Humanitarian Aid and Crisis is also an Experiential Learning, or EXL, course, which includes hands-on experience in a student’s field of study as well as valuable networking with professionals.
“We’re also grateful for a grant from MTSU EXL and funding from the Tennessee Region of the American Red Cross,” Atchison noted.
The 14 class members include Veronica Banas, Sameria Bohanon, Mallory Casey, Matthew Coppinger, Emily Davenport, Levi Jaeger, Sydney Mattern, Alandra McMillan, Jaia Peterson, Natalie Phillips, Zalykha Rasuli, Madison Staggs, Cameron White and David Wyatt.
Students divided themselves into subgroups based on their interests and talents. Some of the activities included an artillery game, a movie night, origami project, and an escape room that offered online and in-person options.
Students recently hosted Red Cross representatives as well as MTSU Provost Mark Byrnes and College of Liberal Arts Dean Leah Lyons for two of the activities, prefaced with a short presentation on the basics of humanitarian law.
Class members led guest participants in folding paper origami cranes, which were symbolic of the late Sadako Sasaki, a 12-year-old Japanese girl who succumbed to the after-effects of radiation from the atomic bomb dropped on her hometown of Hiroshima. While hospitalized for leukemia, the little girl attempted to fold 1,000 cranes in response to a Japanese legend with the hope of being cured upon completion.
“Her story became the foundation of the Children’s Peace Monument in Hiroshima, Japan,” Atchison said.
For another interactive project, students designed an “escape room”-style scenario in which participants had to solve puzzles in order to prevent the detonation of a nuclear bomb. Students wrote and produced the entire project, including a mock news broadcast — created in the green screen studio at James E. Walker Library — and a Hollywood-worthy simulated “war room” where participants were solving puzzles to prevent the detonation.
“Our escape room goal is to make sure everyone is aware of international humanitarian law in regard to nuclear warfare,” explained student Alandra McMillan, a political science major from Antioch, Tennessee.
The escape room team also decided to create a virtual escape room to reach people who weren’t able to come to an in-person event. Atchison said the virtual escape room, developed by international affairs graduate student Mallory Casey, from Crossville, Tennessee, has been a hit and can be played online by visiting https://bit.ly/MTSUEscapeGame.

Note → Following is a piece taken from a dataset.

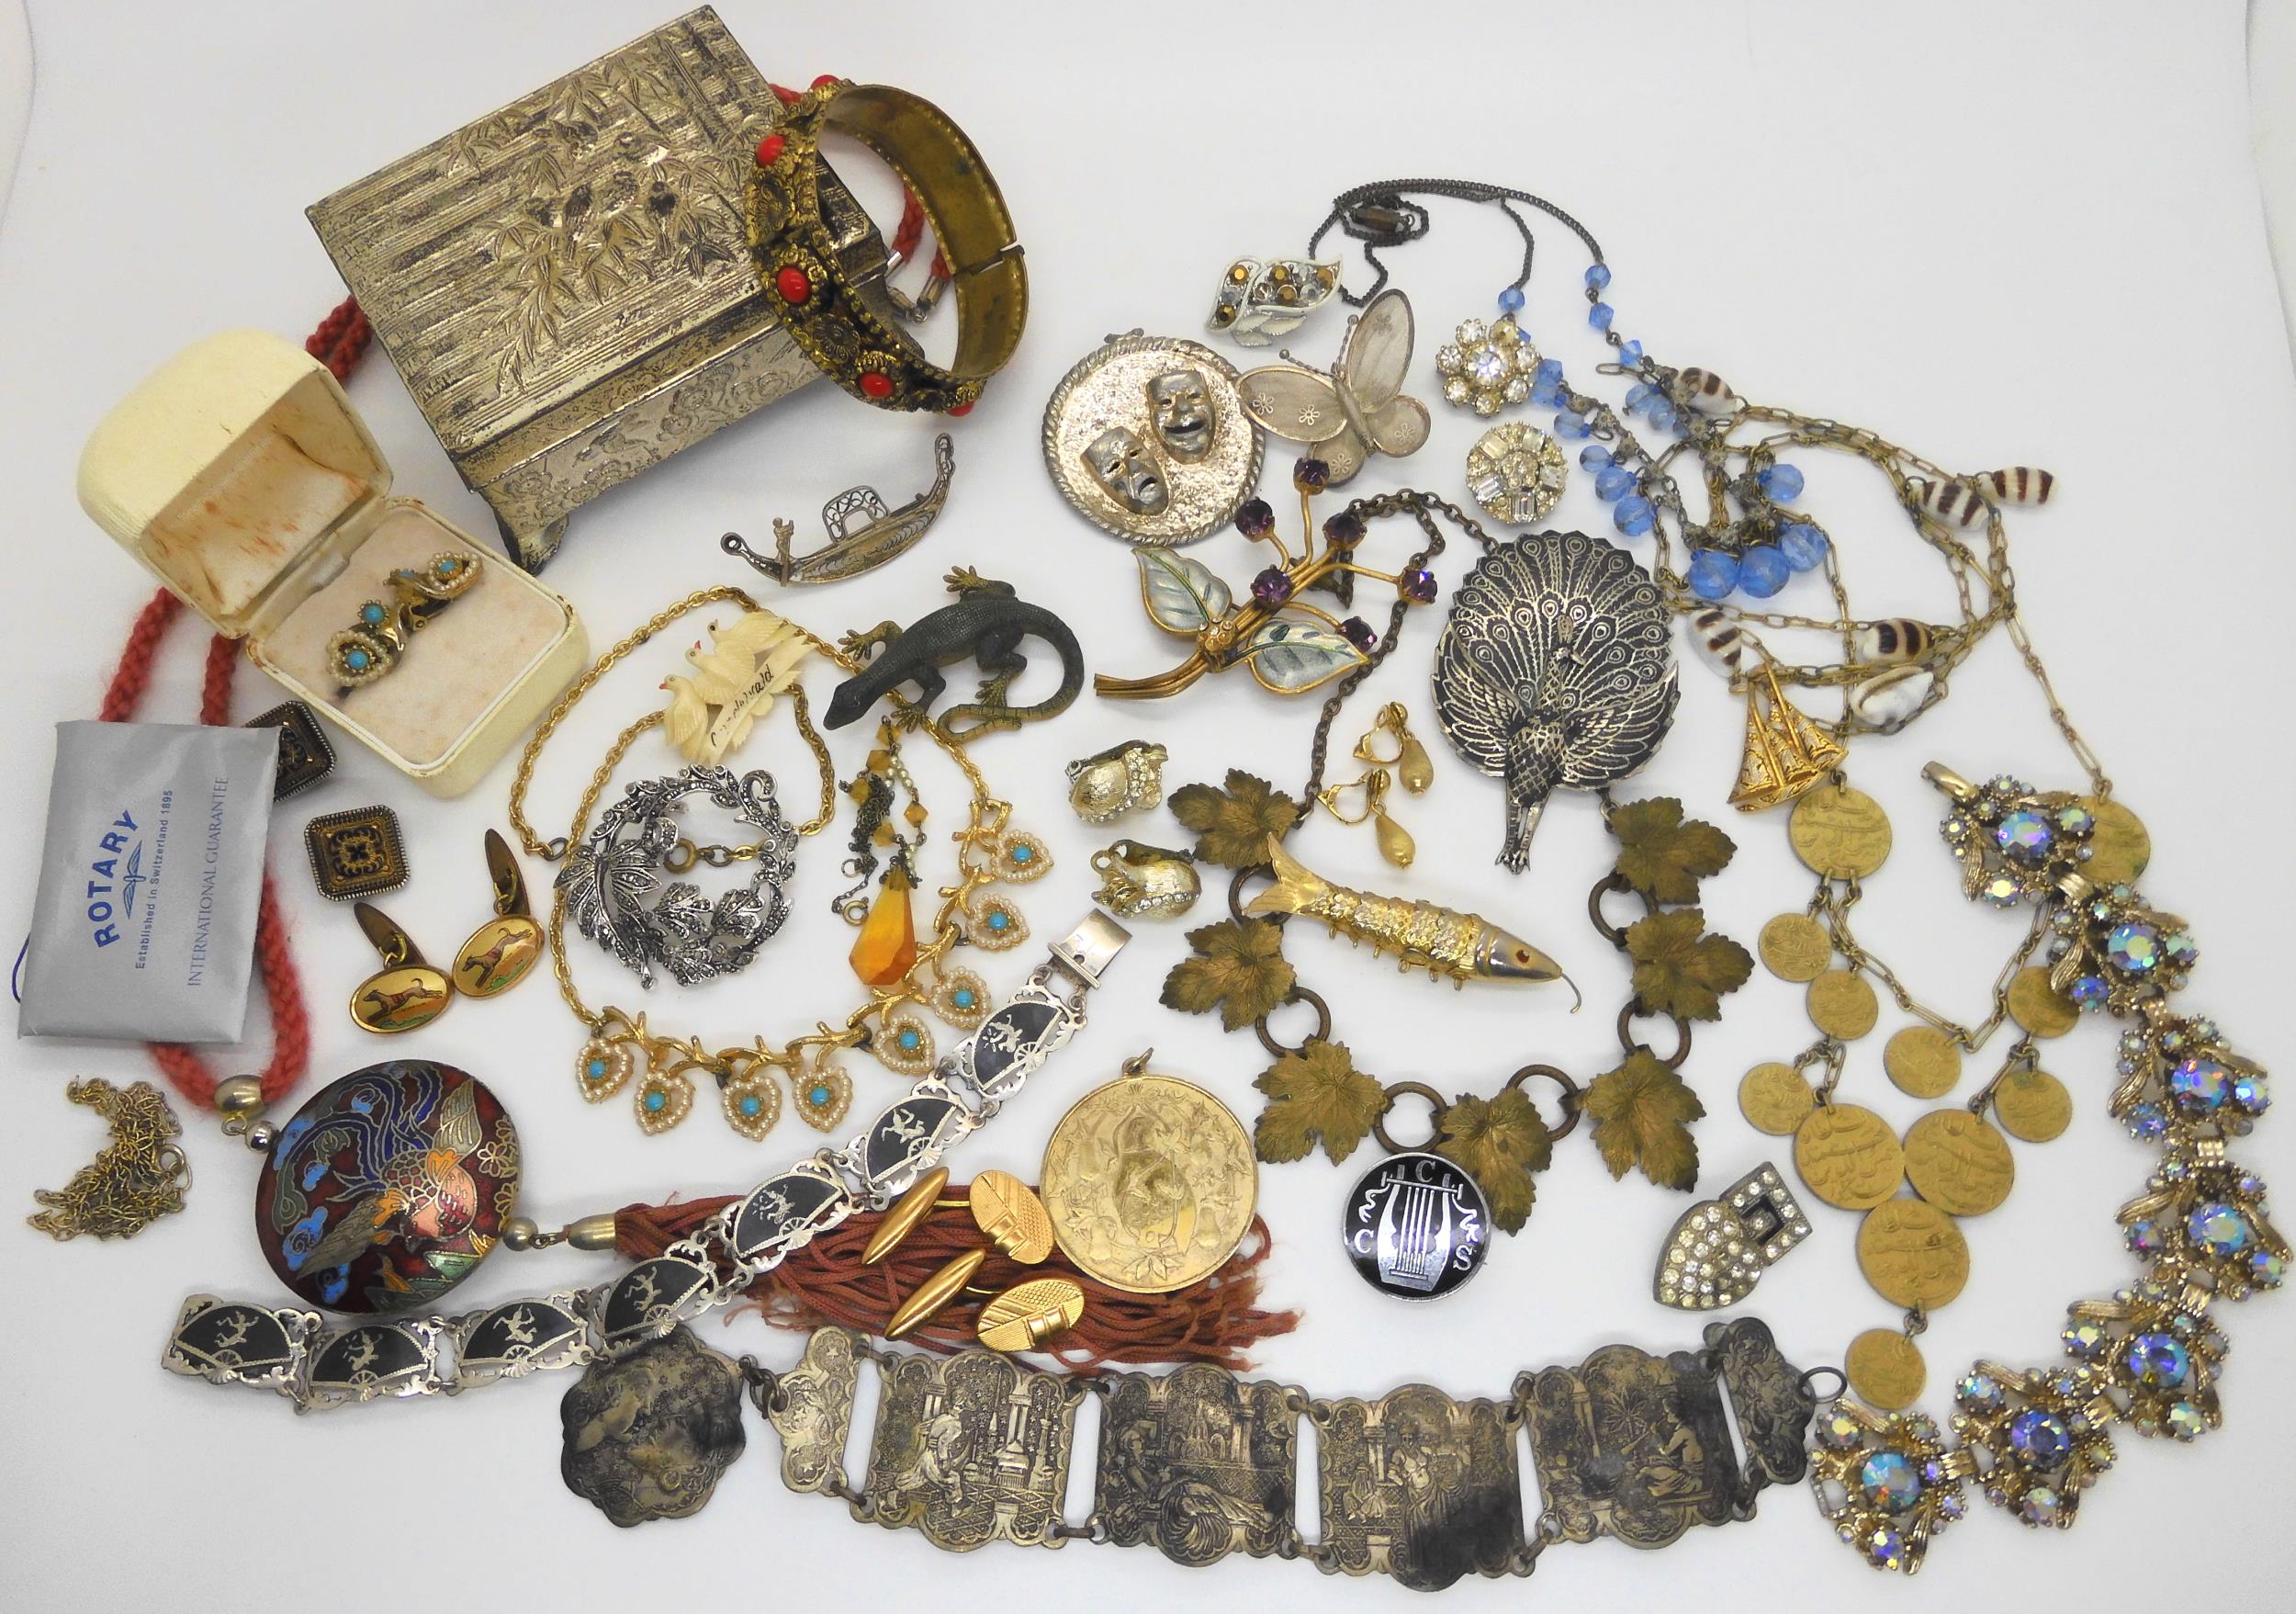 A silver gilt 'Partridge in a pear tree' pendant, a Siam wear peacock brooch and other items

Virtual escape room participants begin the game facing this scenario on screen about a fictitious nation: “You are the President. Answer the following questions in order to avoid nuclear warfare.”
Participants are then shown a series of principles of international humanitarian law to follow as the game takes them through ever-evolving scenarios and clues related to the use of nuclear weapons that requires the participant to make critical decisions, which are then deemed right or wrong based on the principles of international law.
“The work students did in every facet of the presentation was very impressive and really showed their ability to engage with the subject matter from the classroom and create an experience for others,” Lyons said. “What I was most proud of was the cogent presentation of international humanitarian law and how the escape room allowed for application of those principles in a fun and interactive way.”
Student participation extended outside the classroom walls, too. As part of the required work, students also volunteered at least three hours a week with the American Red Cross. Atchison said students went above and beyond — they logged a total of more than 500 volunteer hours over the course of the semester.
“They’ve really gotten into it and I’m really proud of them,” Atchison said. “I think what they’ve been doing is really impressive and I’ve loved watching the students grow.”